Yingchengvirus

Virus classification
- (unranked): Virus
- Realm: Singelaviria
- Kingdom: Helvetiavirae
- Phylum: Dividoviricota
- Class: Laserviricetes
- Order: Halopanivirales
- Family: Simuloviridae
- Genus: Yingchengvirus

= Yingchengvirus =

Genus of viruses

Yingchengvirus is a genus of double stranded DNA viruses that infect haloarchaea. The genus was previously named Betasphaerolipovirus.

==Taxonomy==
The genus contains the following species:

- Yingchengvirus koreaense (formerly Yingchengvirus HJIV1)
- Yingchengvirus boliviaense (formerly Yingchengvirus NVIV1)
- Yingchengvirus sinense (formerly Natrinema virus SNJ1 (2014-2019, type species), Yingchengvirus SNJ1 (2020))

==Morphology==
Viruses of this genus have tailless icosahedral virions with an internal lipid membrane located between the protein capsid and the circular double stranded DNA genome.

==Replication==
The temperate haloarchaeal virus SNJ1 displays lytic and lysogenic life cycles.
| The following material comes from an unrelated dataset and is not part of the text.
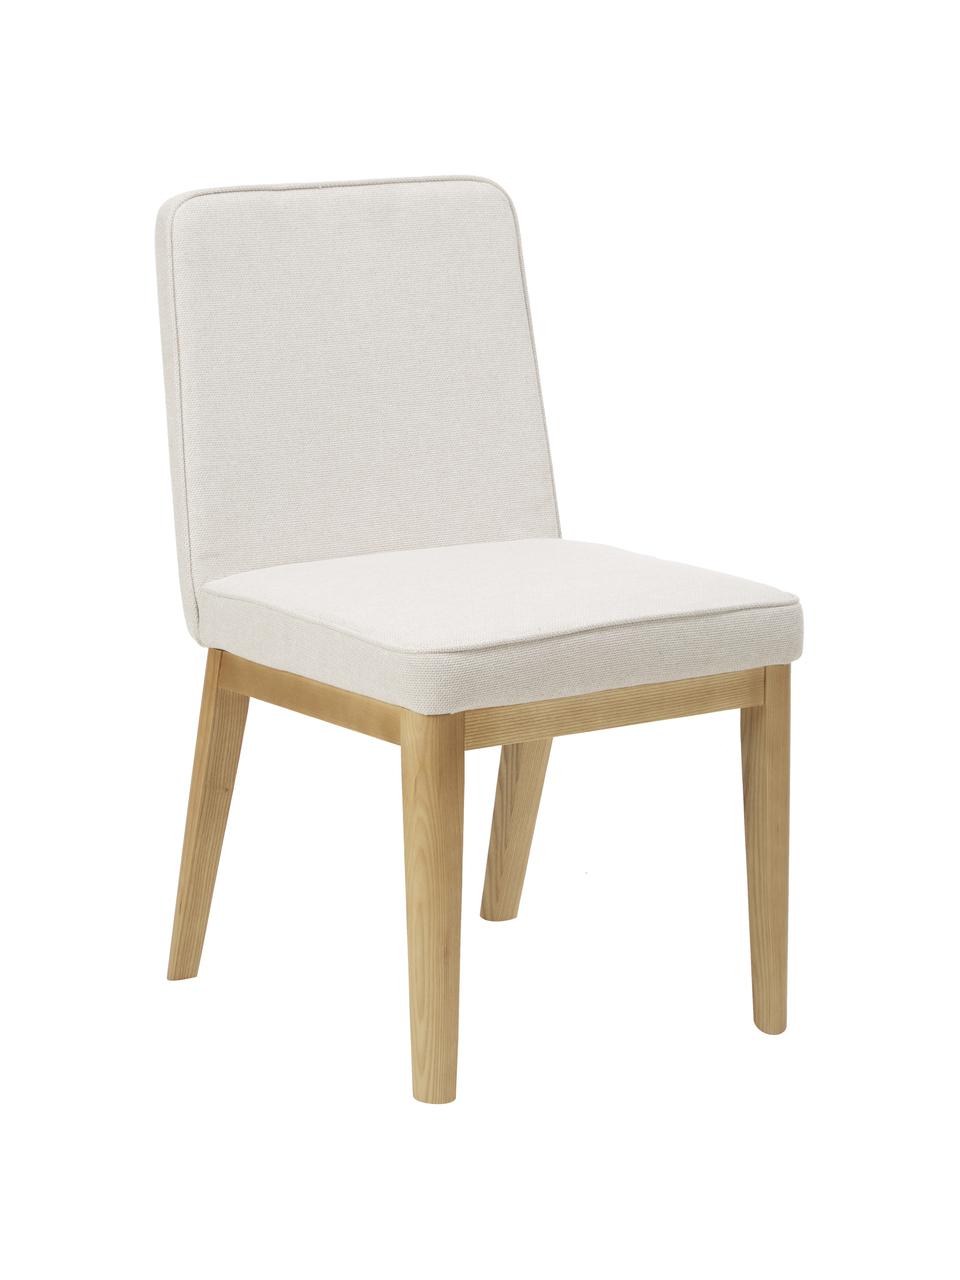 Chaise rembourrée couleur crème Koga, Tissu blanc crème, larg. 47 x haut. 86 cm

During the lysogenic cycle, the virus resides in its host in the form of an extrachromosomal circular plasmid. Upon mitomycin C induction, large amounts of SNJ1 virions can be produced. SNJ1 genome replicates by the rolling-circle mechanism and is initiated by the virus-encoded RepA protein, which is homologous to the replication-initiation proteins of archaeal plasmids and bacterial transposases of the IS91 family insertion sequences. The virus is released by lysis of the infected cells.